You know that something needs to change, but can’t seem to find a point of view to guide you toward the right way to change.
The most frequently used word to describe this problem is “credibility” — and is usually couched in questions such as “how can we build credibility with sales?” or “why isn’t our content credible with sales teams?” Forrester’s practice serving sales enablement professionals will discuss the challenge of building CMI credibility with sales during our February teleconference.
Across the tech industry, marketing and portfolio teams place massive amounts of content into sales portals and measure their success from the usage data — views, downloads, prints — from these repositories. During a recent research interview, one sales rep at a leading software company said, “I know that a lot of materials are supposed to be on our sales portals, but in my nine years, I haven’t ever taken the time to look.”
Your supply chain is broken if a sales rep can succeed for a decade without ever using your materials or even visiting the primary site holding your content!

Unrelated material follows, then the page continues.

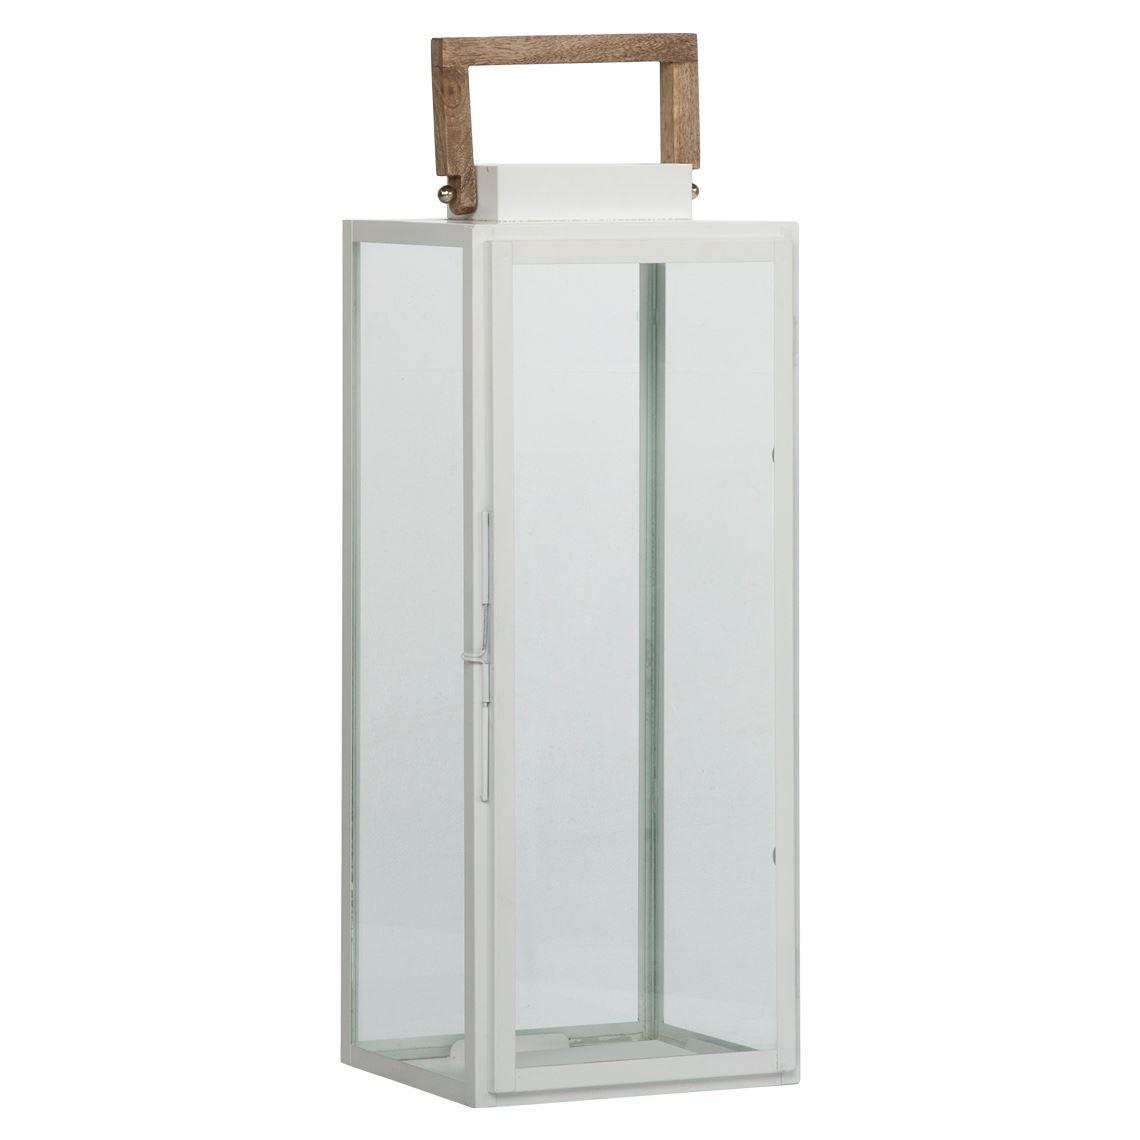 Marella Lantern Size W 21cm x D 17cm x H 53cm in White Freedom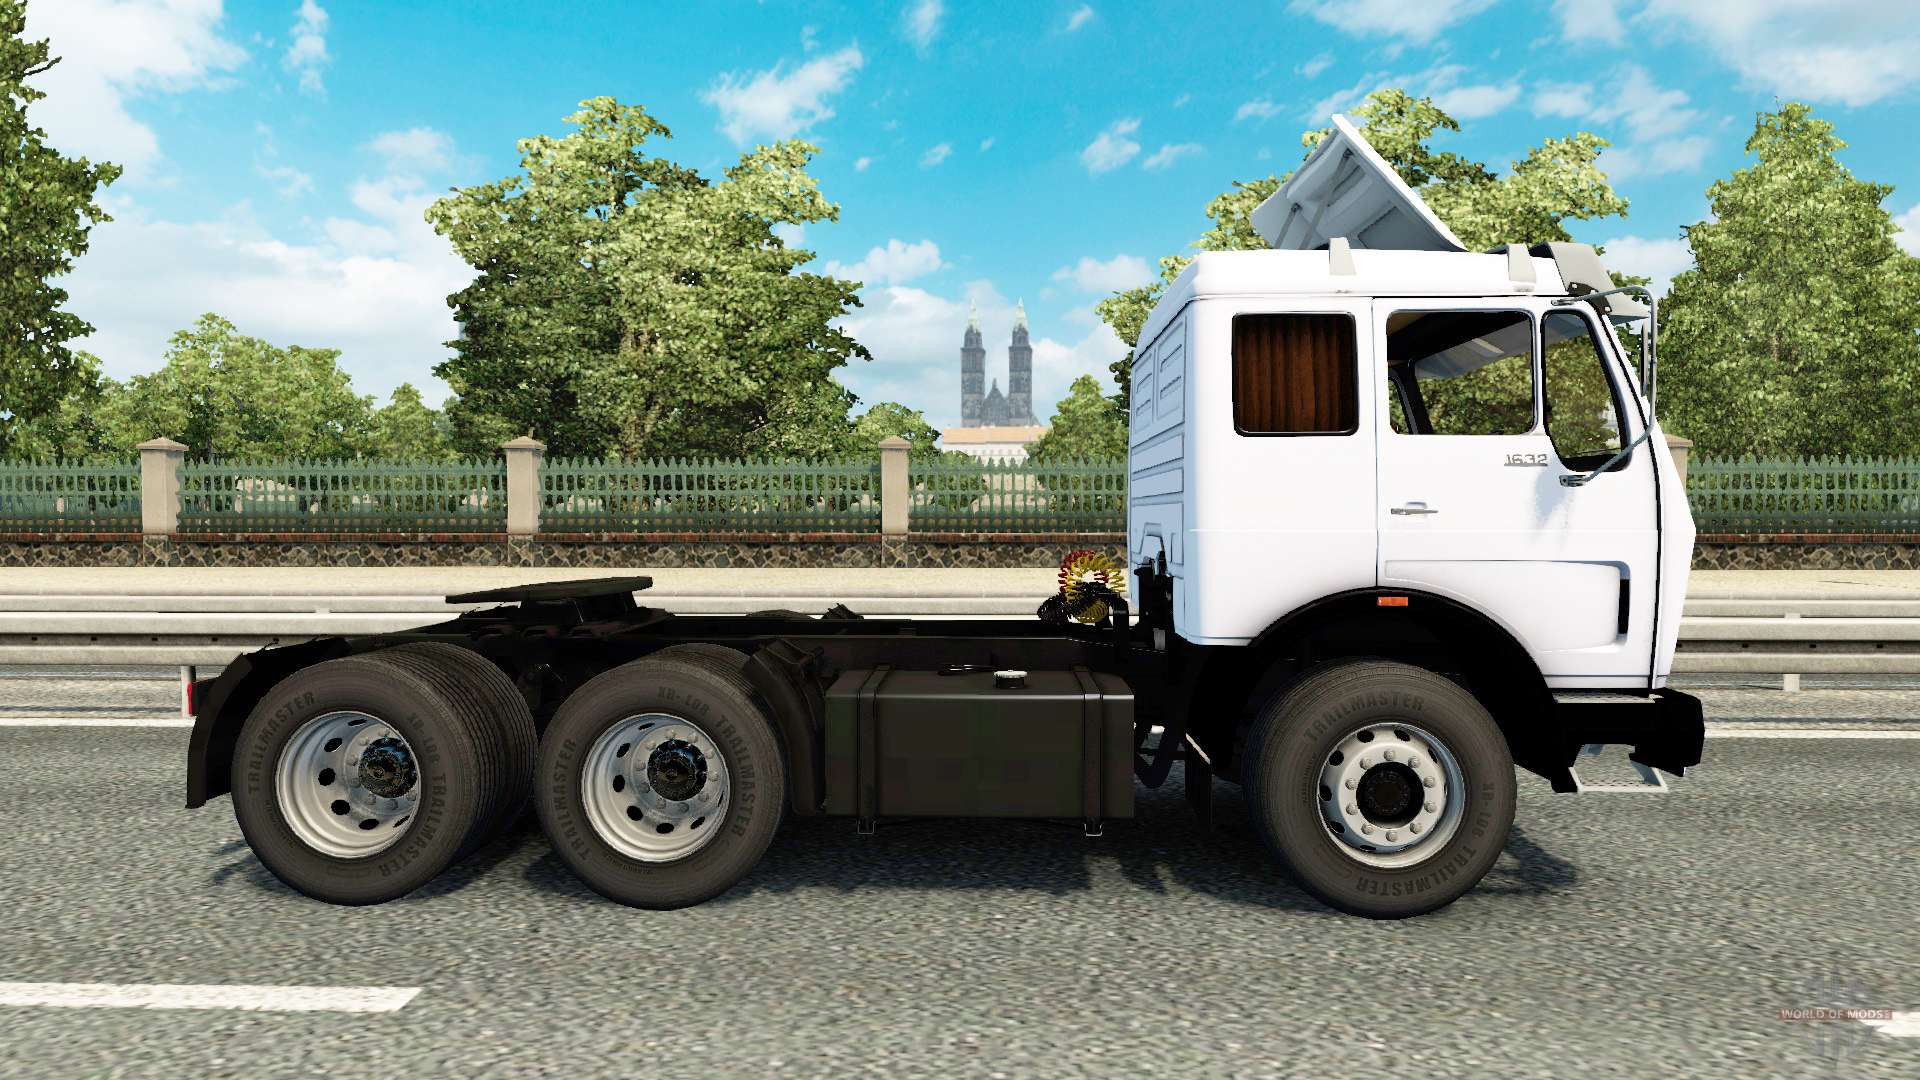 https://www.nvidia.com/en-us/geforce/news/the-very-best-euro-truck-simulator-2-mods/

What is credibility? According to Wikipedia, “Credibility refers to the objective and subjective components of the believability of a source or message.” CMI teams lack credibility because they:
- Hire analysts from non-sales professions. Few CMI analysts have experience in field organizations or even in working with customer-facing groups such as sales or customer support.
- Prioritize work projects from a “staff” point of view. Individuals from staff roles have different assumptions about which projects should be prioritized than people in “line” positions with revenue responsibility — sales reps, for example.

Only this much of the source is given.